While there is the prospect of heightened regulatory efforts to combat the risks of new AI models, Mythos itself indicates that the capabilities of models are constantly evolving and with an ever-shifting goalpost, regulation may not be the answer either. This is especially true as the European Union (EU)—which has historically taken the most stringent regulatory approach to AI—has largely been excluded from Mythos Preview and Project Glasswing. Organizations like OpenAI beat out Anthropic on compute power, heightening concerns regarding their prospective models’ capabilities. While transparency helps combat accusations of arbitrary exclusionary policies, full transparency regarding models and their training can provide malicious actors with the tools to build their own Mythos-class systems.

The full extent of Mythos’ technical capabilities remains shrouded in both alarmism and cynicism at either side of the spectrum, while Project Glasswing itself creates its own horde of security, policy, and legal issues. But it is not all doom and gloom. AI’s growing capabilities create new opportunities across the cybersecurity continuum, including:

• Increased Opportunities for Both AI-Specific and Other Security Vendors: Non-Human Identity (NHI) experts and Identity Access Management (IAM) and Privileged Access Management (PAM) vendors are most actively positioning themselves to be the solution to the issues raised by Mythos and other AI advancements as securing service accounts, Application Programming Interface (API) keys, workloads, and machine-to-machine access becomes increasingly important, especially as the risk of insider threats and lateral movement become more potent. But you also have traditional cryptography experts (Public Key Infrastructure (PKI)) moving in. Specialization of existing capabilities to accommodate AI agents is key here. At the same time, in the AI age, data are the most critical strategic asset. Thus, Data Security Posture Management (DSPM) solutions are key and, perhaps more importantly, Data Lifecycle Protection (DLP) offerings and remediation, which combines the data and identity components.
• Enhanced Cross-Ecosystem Collaboration on an Unprecedented Scale: While the group selected to participate in Project Glasswing is subject to ongoing contention, the Project illustrates that competitors are able to engage in large-scale cooperation when and where necessary. Further, Anthropic’s investment in open-source software also reflects an understanding of the need for a collaborative front against emergent AI threats, whatever form they take.

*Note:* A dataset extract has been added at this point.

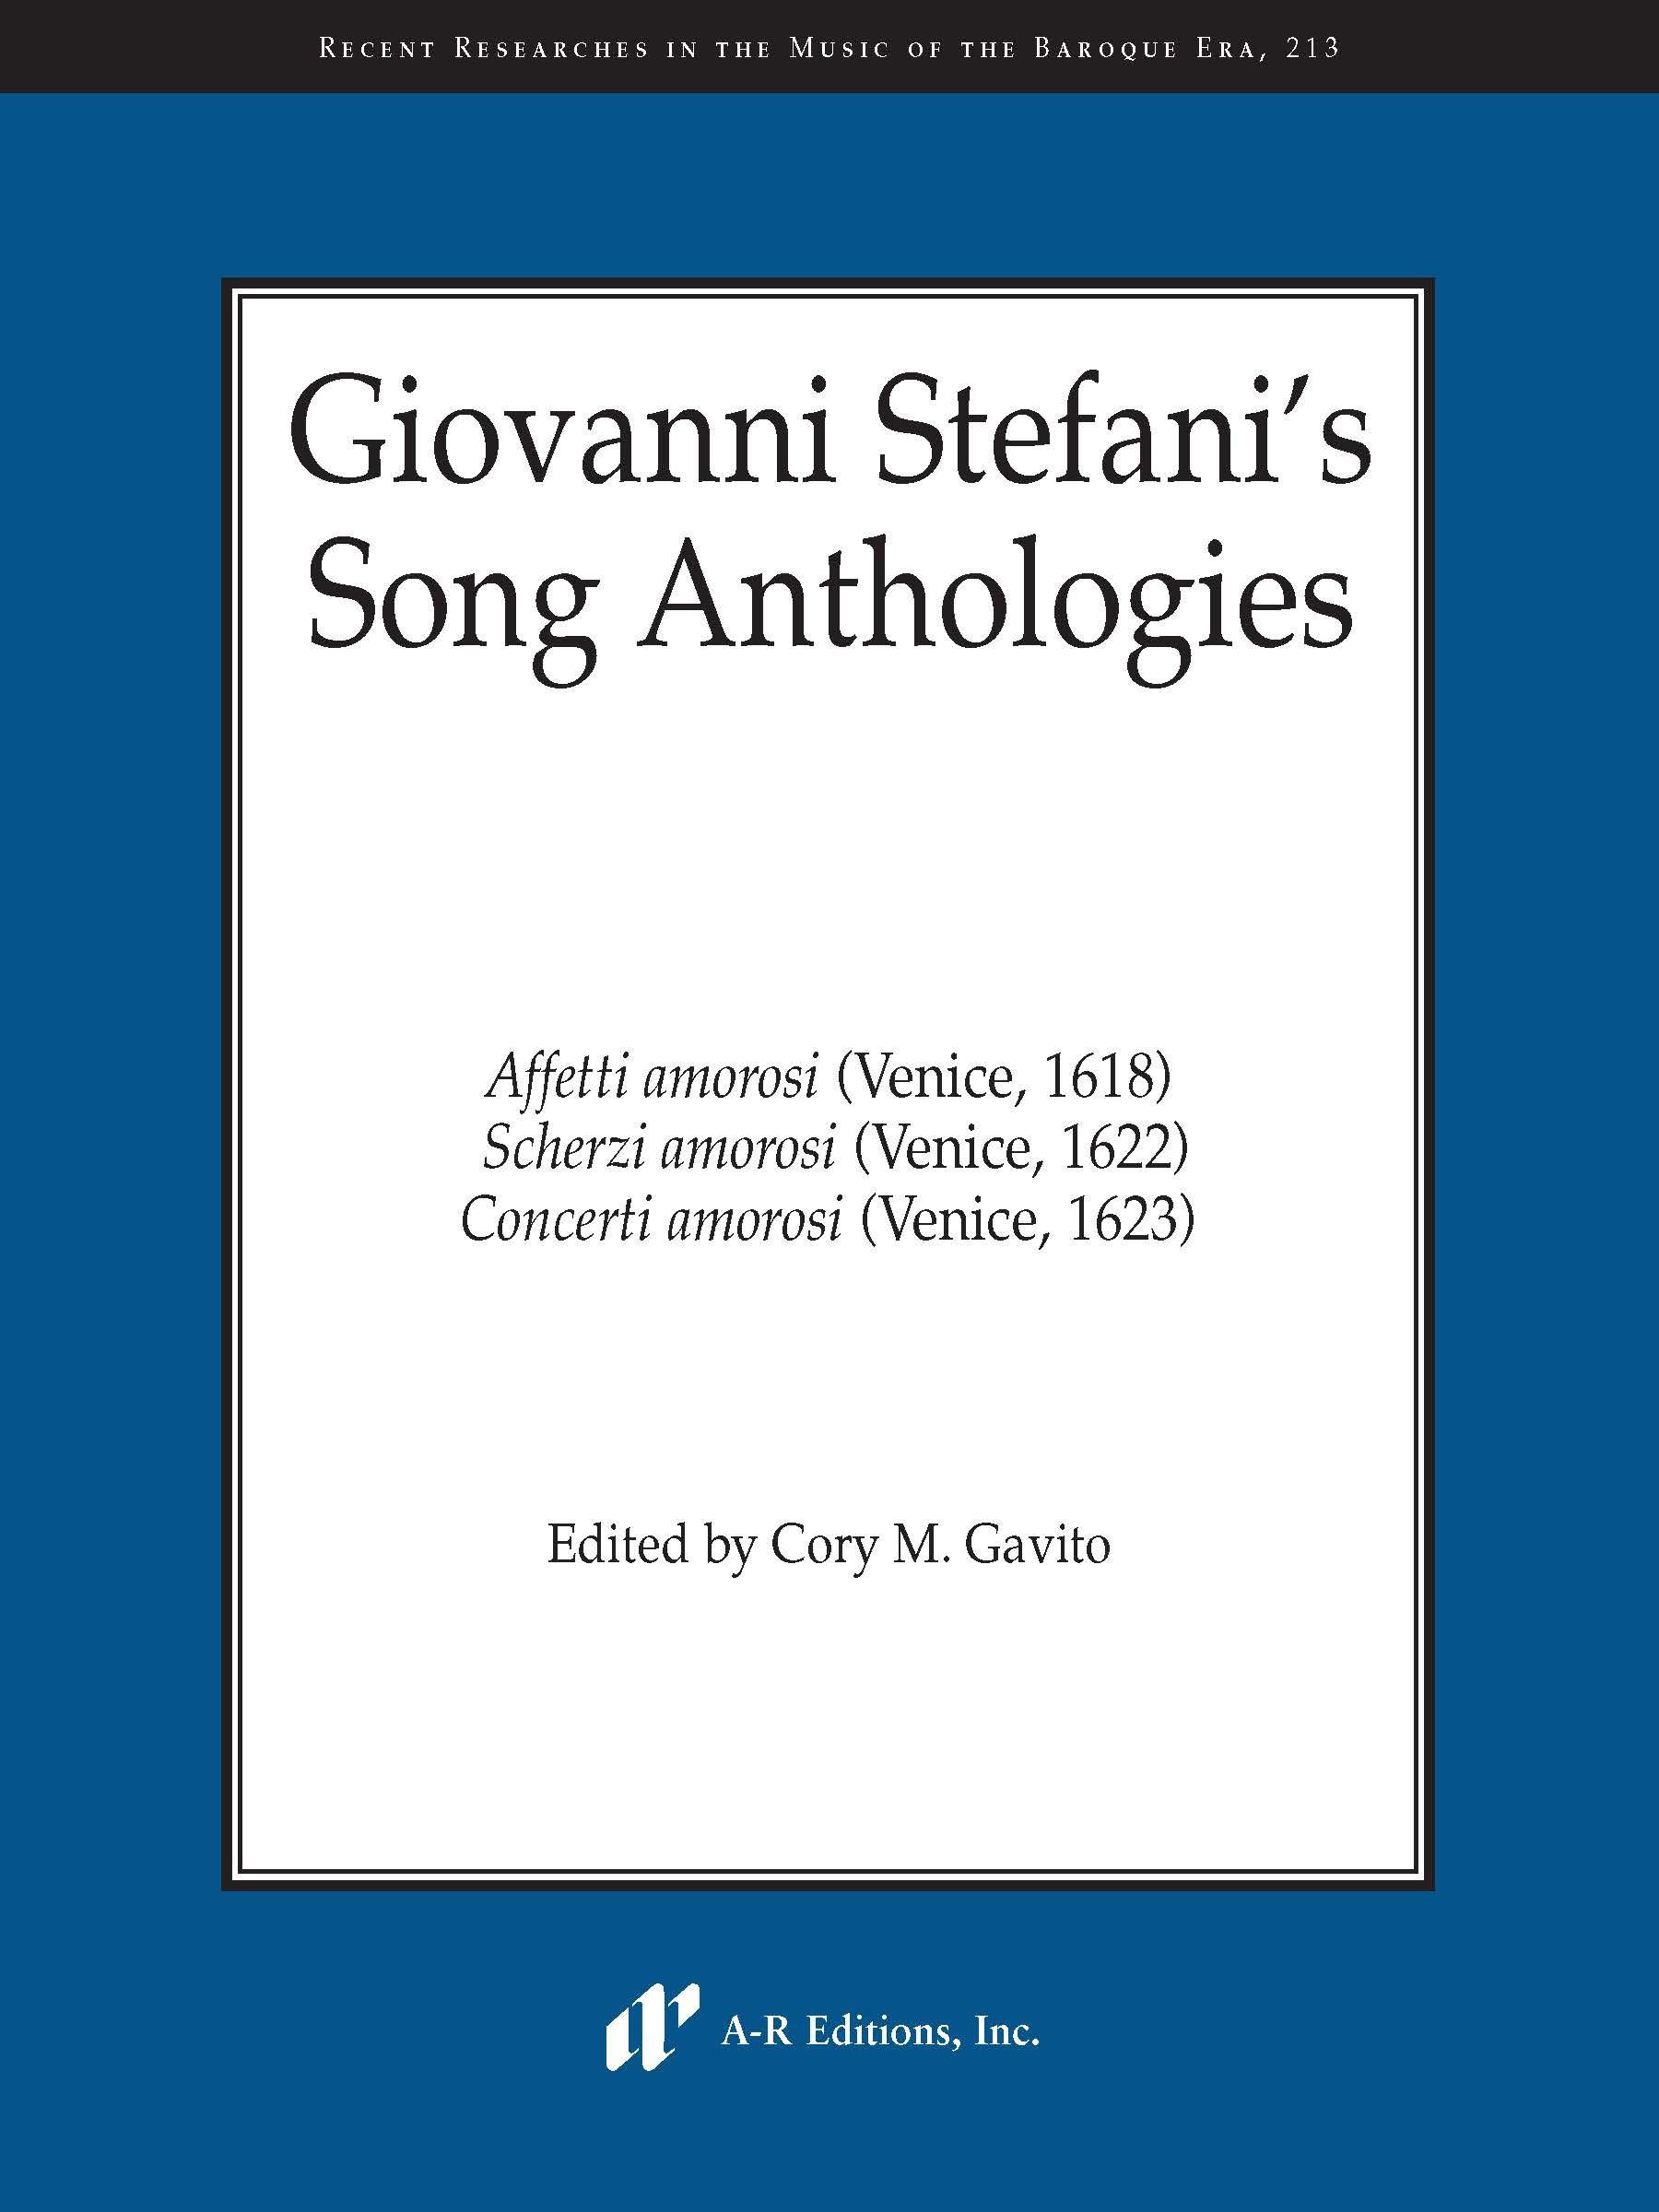 Giovanni Stefani's Song Anthologies

While overly nihilistic or fatalistic approaches impede the formation of reasoned representations of AI—and other tools’—capabilities, naively optimistic approaches also render the cybersecurity and international community unprepared to face the emergent threats that AI could pose. Treading the line between the two is not easy; however, it is necessary to secure resilience against new threats on the horizon. As outlined in a recent ABI Insight, with the frontline of armed conflict increasingly disappearing into the cyber realm and cybersecurity and national security becoming growingly ubiquitous, excessive politicization of cybersecurity only serves to weaken national cyber defense strategies. Cynics continue to point to the boosted valuation of Anthropic—up to US$800 billion from US$380 billion in February—alongside the loss of its U.S. government contract and recent Claude Opus 4.7 launch as evidence that Mythos Preview and Project Glasswing are part of a broader Anthropic business strategy. Yet, two things can be true: Project Glasswing can pander to its broader Public Relations (PR) strategy, while also conveying a critical message to the cybersecurity community, which should listen.